## [DATA EXCERPT]
::::::::::

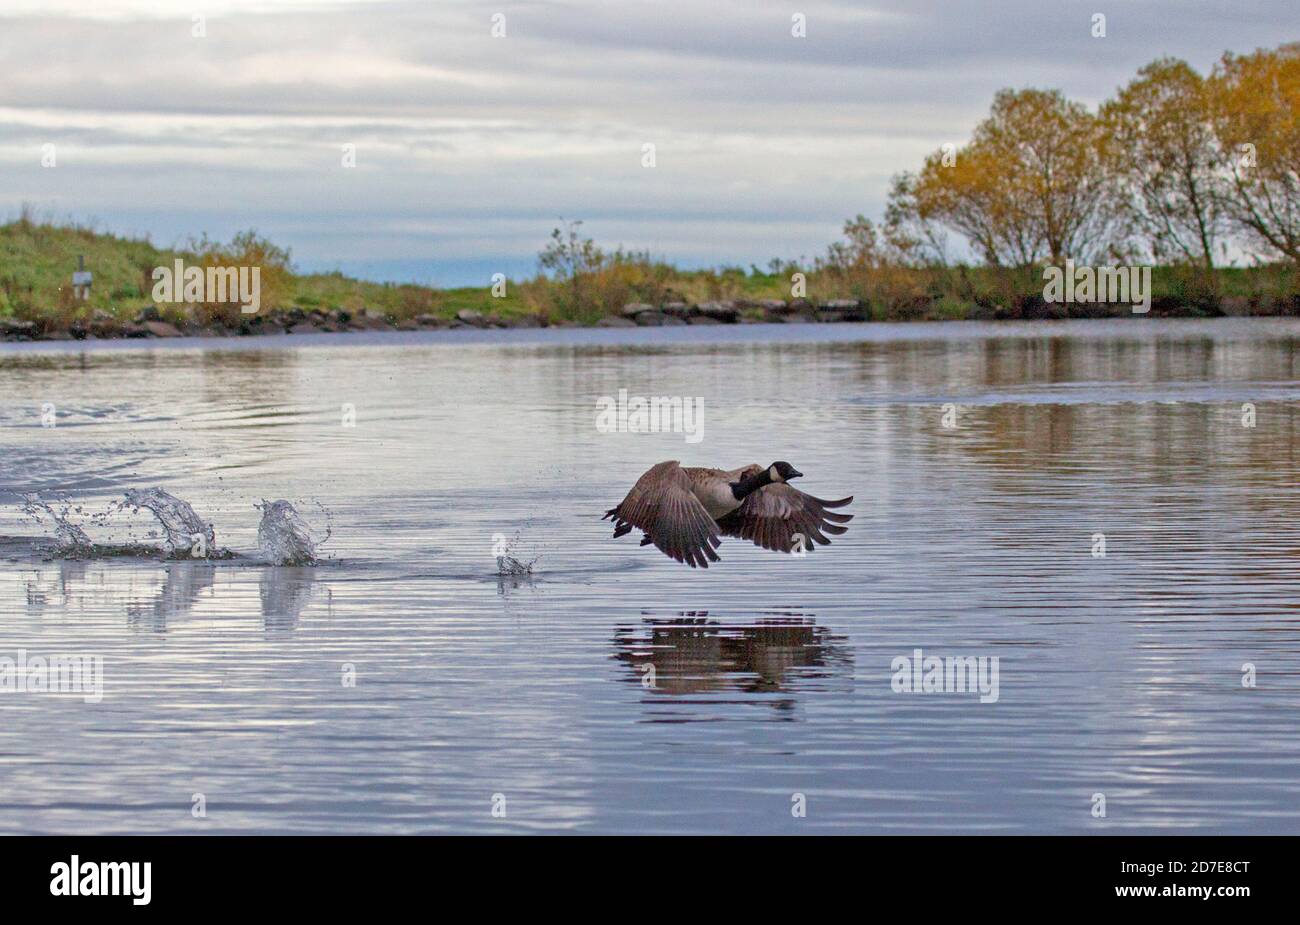 Holyrood Park, Edinburgh, Scotland, UK. 22 October 2020. Cloudy with temperture of 12 degrees, Pictured: Canada Goose taking flight over the Loch surface. Stock Photo
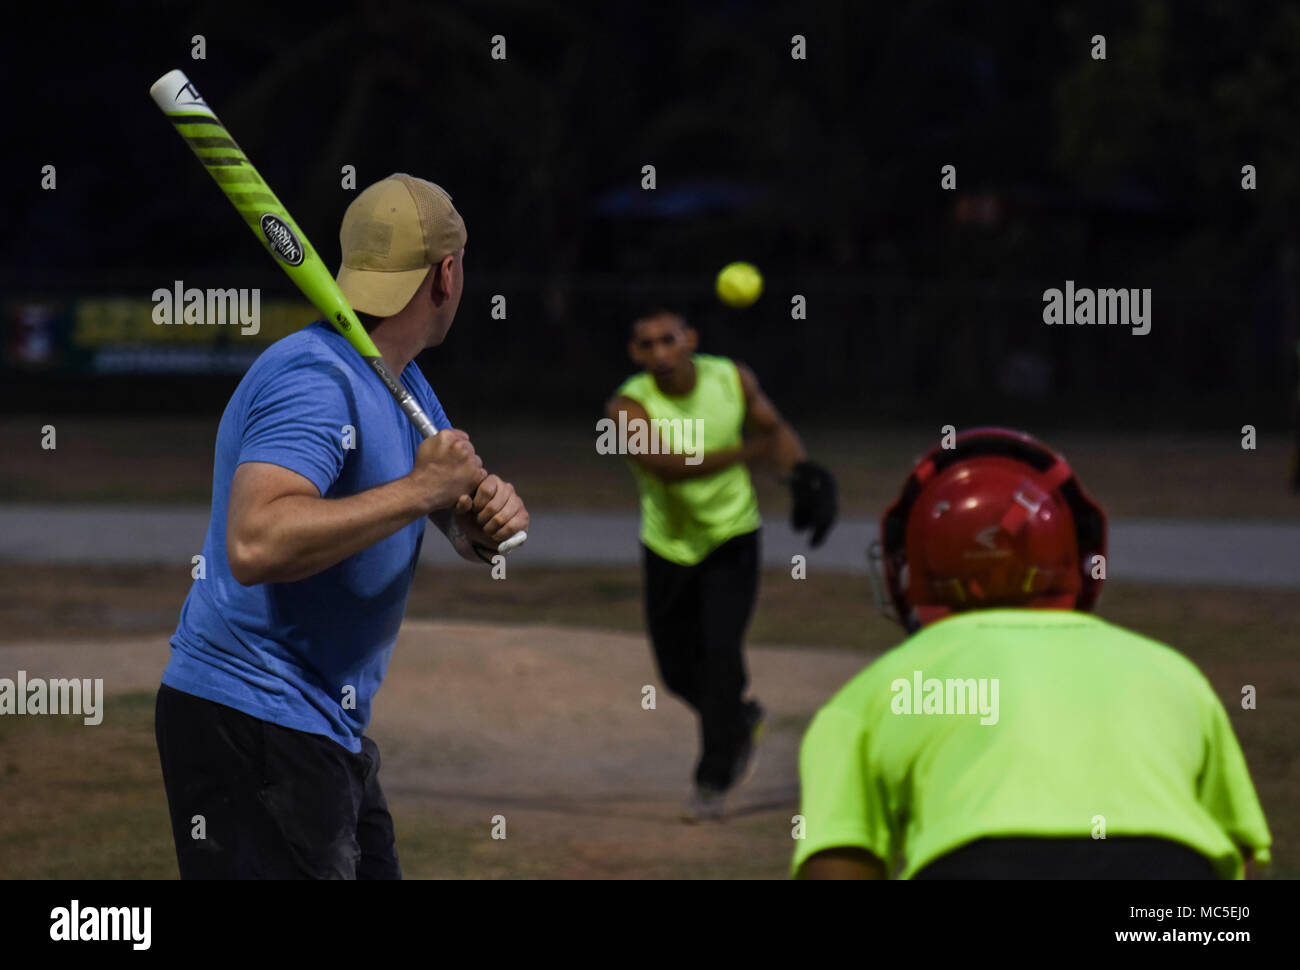 U.S. Air Force Staff Sgt. Eli Smith, 346th Air Expeditionary Group public affairs team member, prepares to hit a softball during a game April 1, 2018, in Meteti, Panama. During the exercise, aimed at training U.S. military members and assisting partner nations, exercise personnel also spend down time playing sports, participating in local events and interacting with locals to build relationships and promote U.S. and Panamanian partnership. Exercise New Horizons is a joint training exercise where all branches of the U.S. military conduct training in civil engineer, medical and support services  Stock Photo
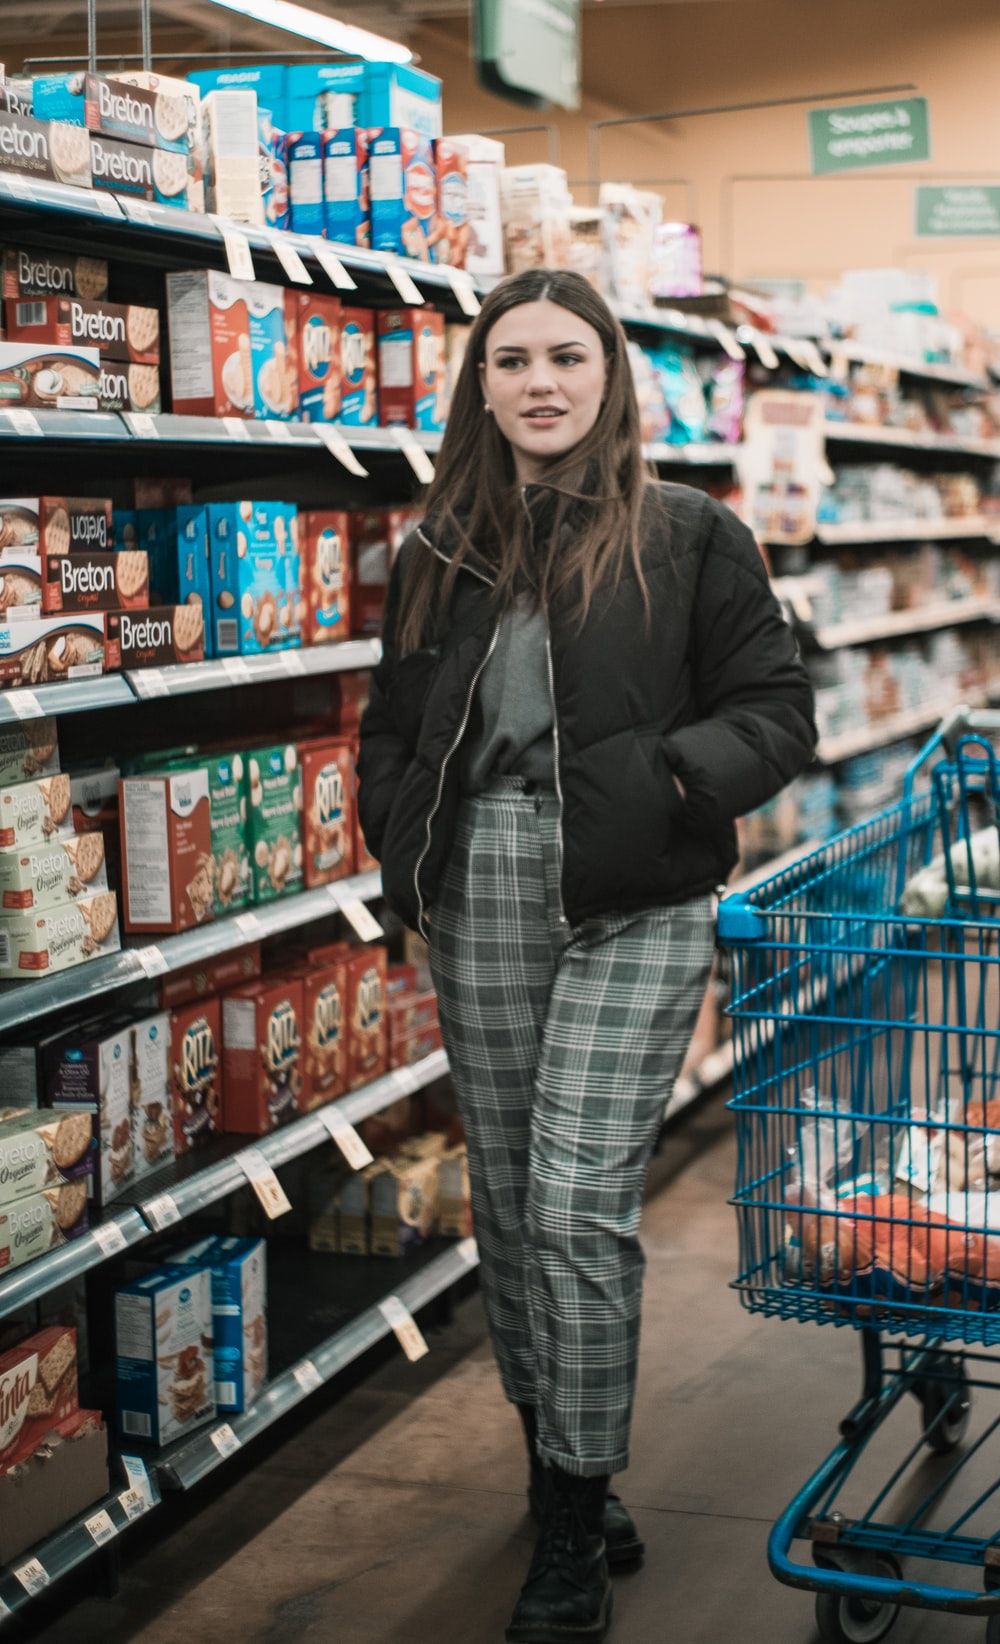 Woman Supermarket Picture. Download Free Image
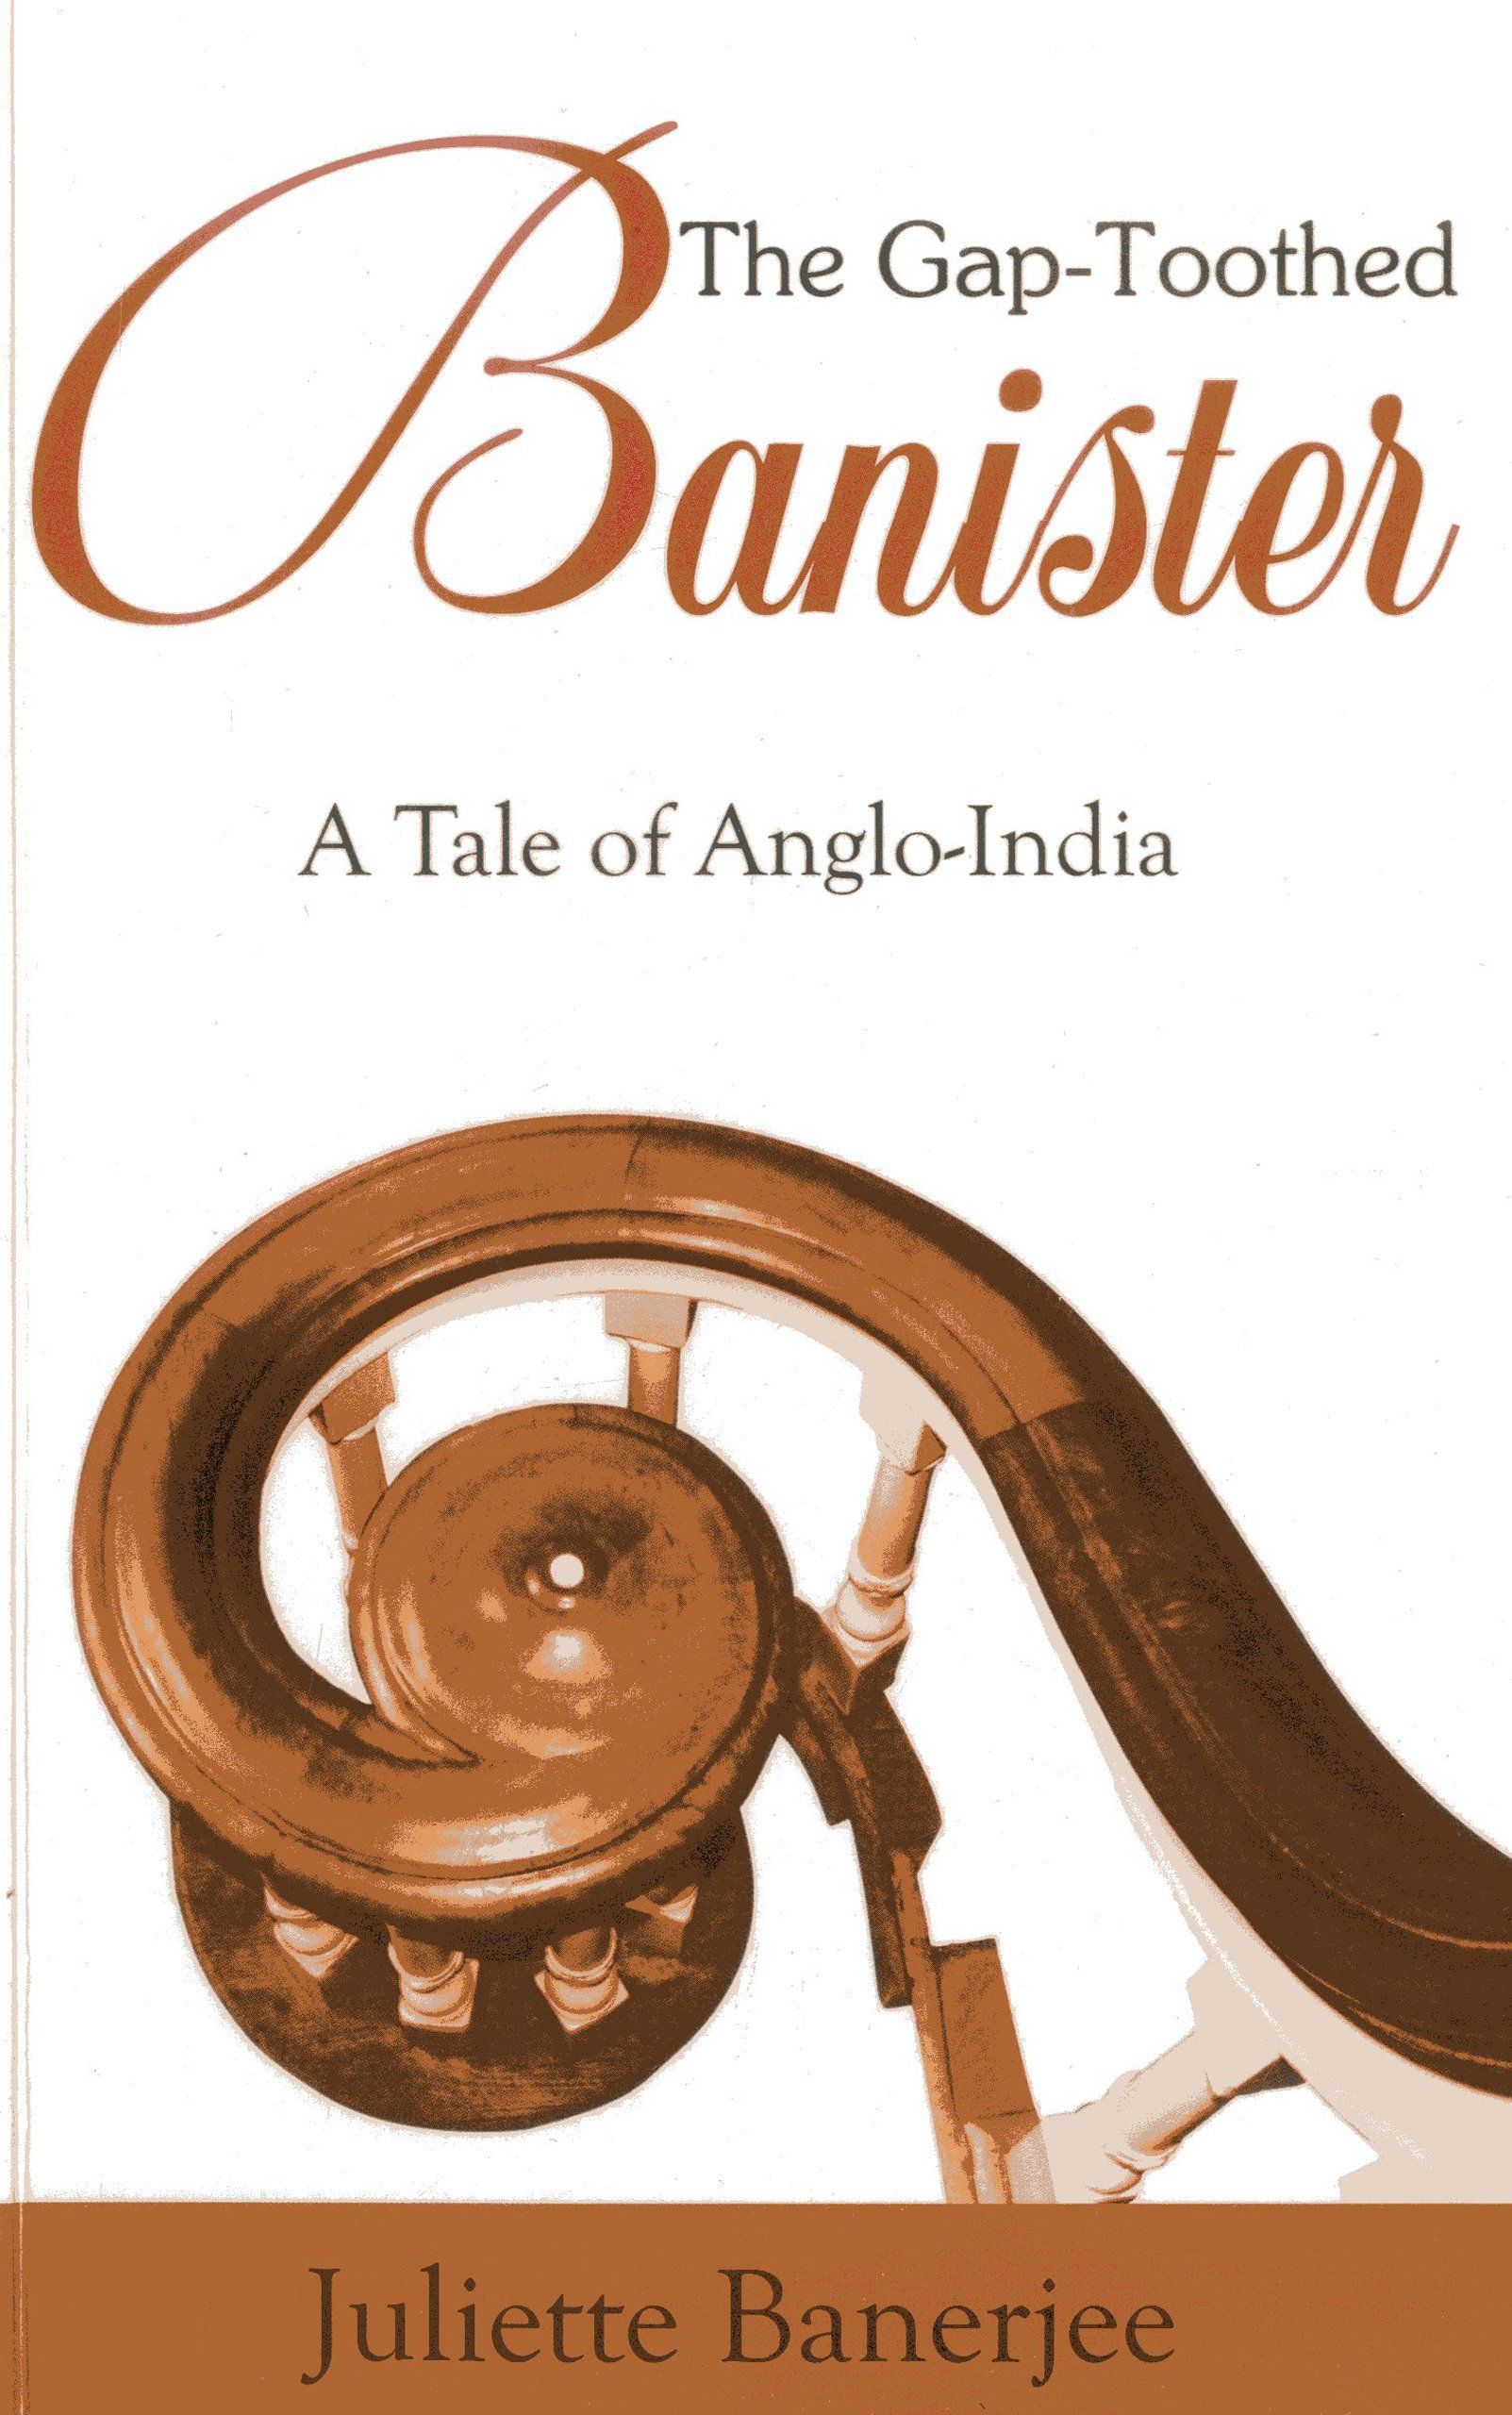 Another Look at India’s Books: Juliette Banerjee’s “The Gap-Toothed Banister: A Tale of Anglo-India”

::::::::::

Starting with the opening line of the listing, write out each line exactly until the line that contains "Woman Supermarket Picture." has been included; skip the pictures.

 Holyrood Park, Edinburgh, Scotland, UK. 22 October 2020. Cloudy with temperture of 12 degrees, Pictured: Canada Goose taking flight over the Loch surface. Stock Photo
 U.S. Air Force Staff Sgt. Eli Smith, 346th Air Expeditionary Group public affairs team member, prepares to hit a softball during a game April 1, 2018, in Meteti, Panama. During the exercise, aimed at training U.S. military members and assisting partner nations, exercise personnel also spend down time playing sports, participating in local events and interacting with locals to build relationships and promote U.S. and Panamanian partnership. Exercise New Horizons is a joint training exercise where all branches of the U.S. military conduct training in civil engineer, medical and support services  Stock Photo
 Woman Supermarket Picture. Download Free Image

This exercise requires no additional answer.